Виссарион Белинский.

Извините, что я так гнусно писал. Сперва хотел без конверта, но изгадил. Торопился ужасно. Иван Николаевич сие письмо с своими взялся отправить.

Москва 1829 года. Сентября 1 дня.

Адрес: Его высокоблагородию милостивому государю Григорию Никифоровичу, чембарскому штаб-лекарю, г-ну Белинскому.

В г. Чембаре.


2. Г. Н. и М. И. БЕЛИНСКИМ

2 5 сентября 1829 г. Москва.

Милостивые государи,

папенька Григорий Никифорович

и маменька Марья Ивановна!

Мои обстоятельства в самом худом положении. Я подавал просьбу о принятии меня в университет, но как я не имею свидетельства о рождении ни от консистории, ни от дворянства, то ее и возвратили назад.1 Вы хотели мое свидетельство послать вслед за мною и вместо того и теперь посылаете. Я, с моей стороны, ничем не виноват, и совесть моя чиста. Прием просьб и экзамены кончились и уже выдали табели. Надежда потеряна совершенно. Но я в Чембар не поеду по следующим причинам: меня, яко не имеющего никакого вида и свидетельства, задержат на заставе. Во-вторых, я не хочу быть предметом посмеяния и насмешек всего города, и посему лучше соглашусь умереть с холода и голода среди московских улиц или просить милостыню под окошками, нежели ехать к вам в Чембар. Опять, если я приеду в Чембар, то не буду иметь случая вторично ехать в Москву, ибо и сей раз с большим грехом удалось мне съехать. Я могу приискать квартиру рублей по пятнадцати в месяц на хозяйском содержании у какого-нибудь дьячка или пономаря, которые в Москве живут не хуже наших попов. Буду заниматься языками, науками. Постараюсь найти кондиции, и другие средства к содержанию буду испытывать. Между тем надеюсь, что и вы меня не совсем оставите. На будущий год я всех прежде подам просьбу и наверное буду принят. Бога ради, пришлите мне, как наивозможно поскорее, свидетельство о рождении: мне всё-таки без него невозможно обойтись. Да еще возьмите от полиции свидетельство, что я поехал в Москву для определения себя в императорский Московский университет. Хотя я и не определился, однако с сим свидетельством мне год и более жить безопасно. Без сего свидетельства меня никто и на квартиру не пустит, ибо надобно заявить в части. Теперь я всё равно как беглый и нахожусь в великой опасности, ибо Москва не Чембар. Если можно, то сшейте мне байковую шинель, с стоячим воротником и длинным капишоном; более касательно одежды во весь год ничем вас не буду беспокоить. Еще раз повторяю пришлите поскорее помянутые два свидетельства: без них я погиб. Теперь я за квартиру плачу 25 ас. в месяц. На первый случай дешевле невозможно было и найти. В ожидании от вас обоих свидетельств желаю вам всех благ и остаюсь ваш покорный сын

Виссарион Белинский.

P. S. Пишите на имя Ивана Николаевича Владыкина в университетский пансион.

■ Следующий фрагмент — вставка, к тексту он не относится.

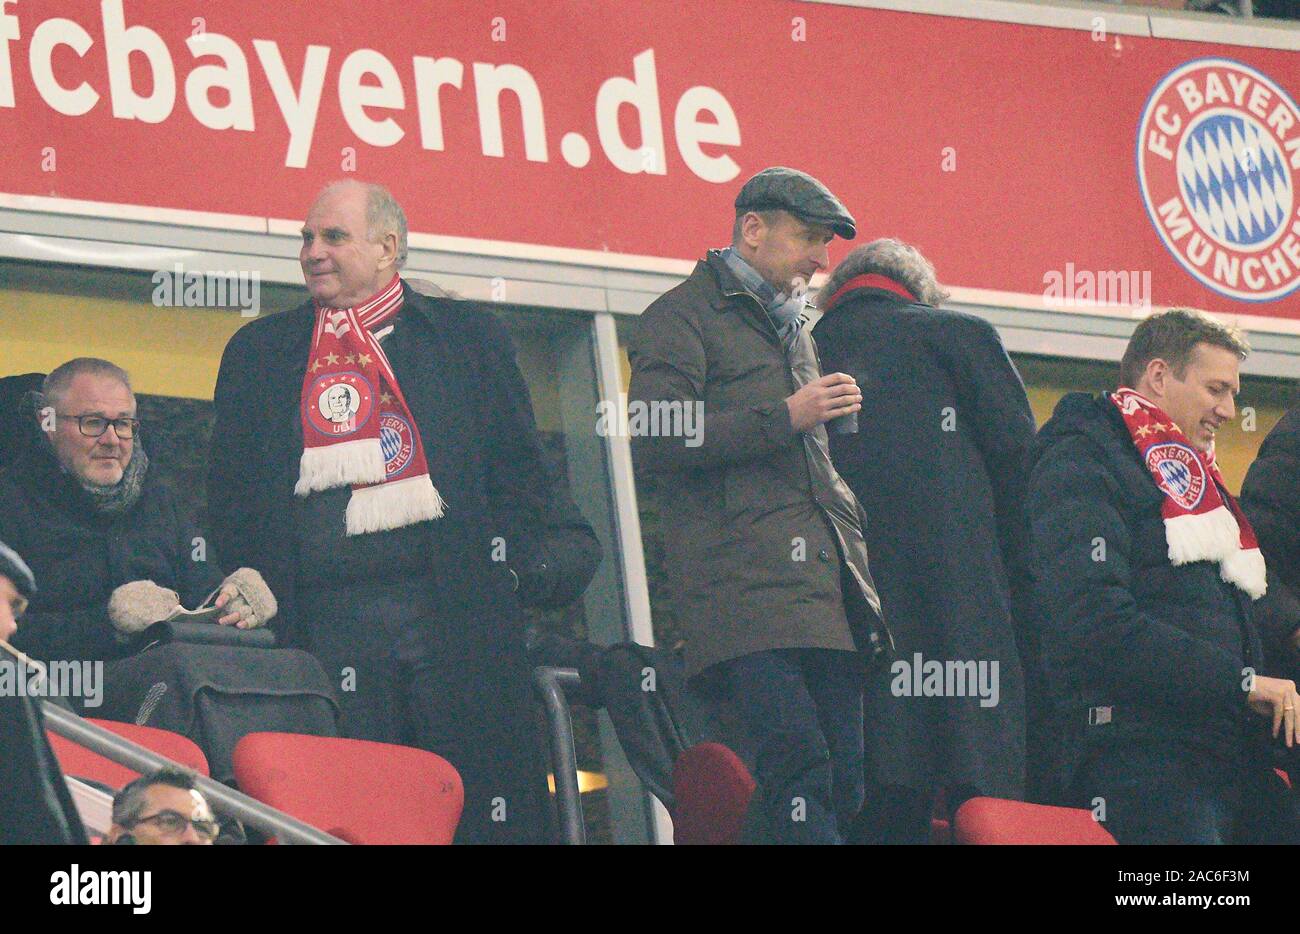 Munich, Germany. 30th Nov 2019. Football FC Bayern Munich - Leverkusen, Munich November 30, 2019. Uli HOENESS (former FCB President ),  Herbert Diess, VW Manager, Chairman of the Board of Management of Volkswagen AG, Chairman of the Supervisory Board of Skoda and Audi and Member of the Supervisory Board of Infineon,  FC BAYERN MUNICH - BAYER 04 LEVERKUSEN 1-2  - DFL REGULATIONS PROHIBIT ANY USE OF PHOTOGRAPHS as IMAGE SEQUENCES and/or QUASI-VIDEO -  1.German Soccer League , Munich, November 30, 2019  Season 2019/2020, matchday 13, FCB, München © Peter Schatz / Alamy Live News Stock Photo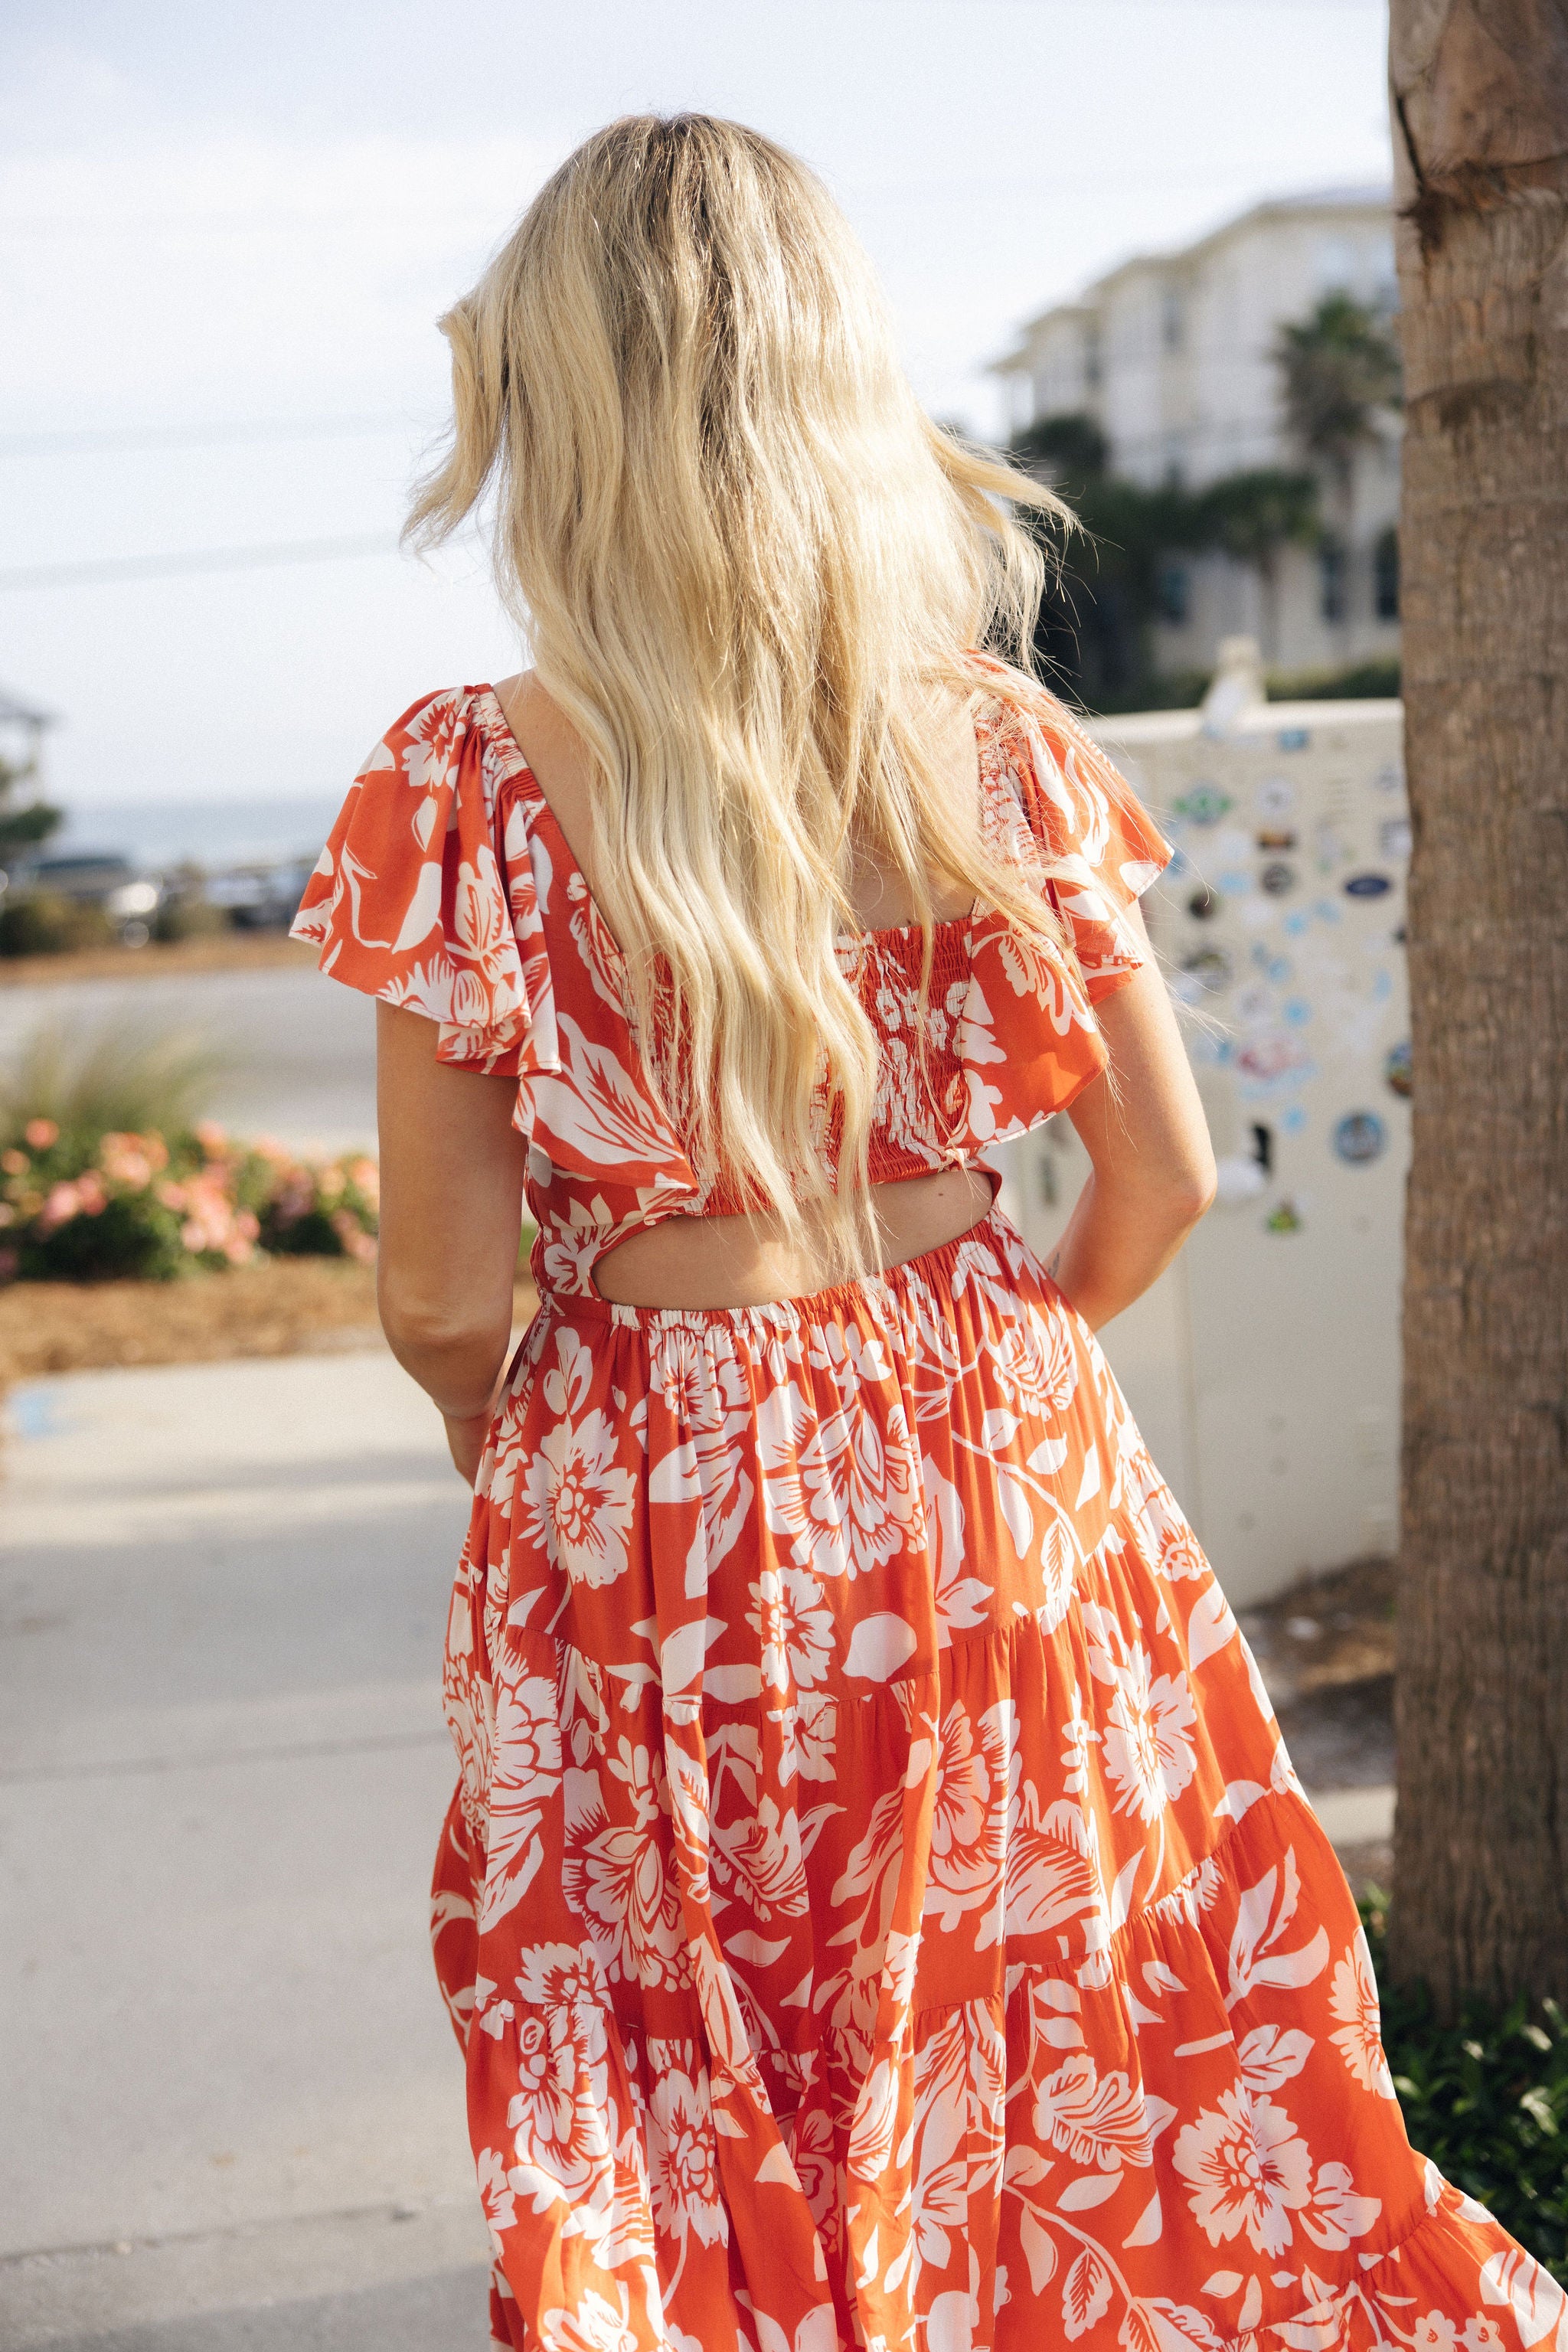 Back view of female model wearing the Elena Orange & Cream Floral Midi Dress which features Orange and White Floral Design, Midi Length, Orange Thigh Length Lining, Tiered Body, Smocked Waistband, Sweetheart Neckline, Ruffle Straps and Open Back

3. Г. H., M. И. и К. Г. БЕЛИНСКИМ

Москва. 1829 года. Сентября около 10 дня.

Милостивые государи,

папенька Григорий Никифорович

и маменька Марья Ивановна!

Свидетельствую вам мое всенижайшее почтение и уведомляю вас, что я здоров. Вам известно, по какой причине я не принят в императорский Московский университет. Мне соврали, что я не могу быть, по прошествии экзамена, вольным слушателем. Вольным слушателем можно быть не только в начале, середине, но и в конце года. Вольными слушателями по большей части определяются те, которые не выдержали экзамена; или которые не надеются выдержать оного; или которые не поспели ко времени экзамена. Вольному слушателю дается, как и студенту, печатный табель, и вольный слушатель числится в списках профессоров, которых слушает. Он не числится как студент в 14 классе и посему не имеет права носить шпагу.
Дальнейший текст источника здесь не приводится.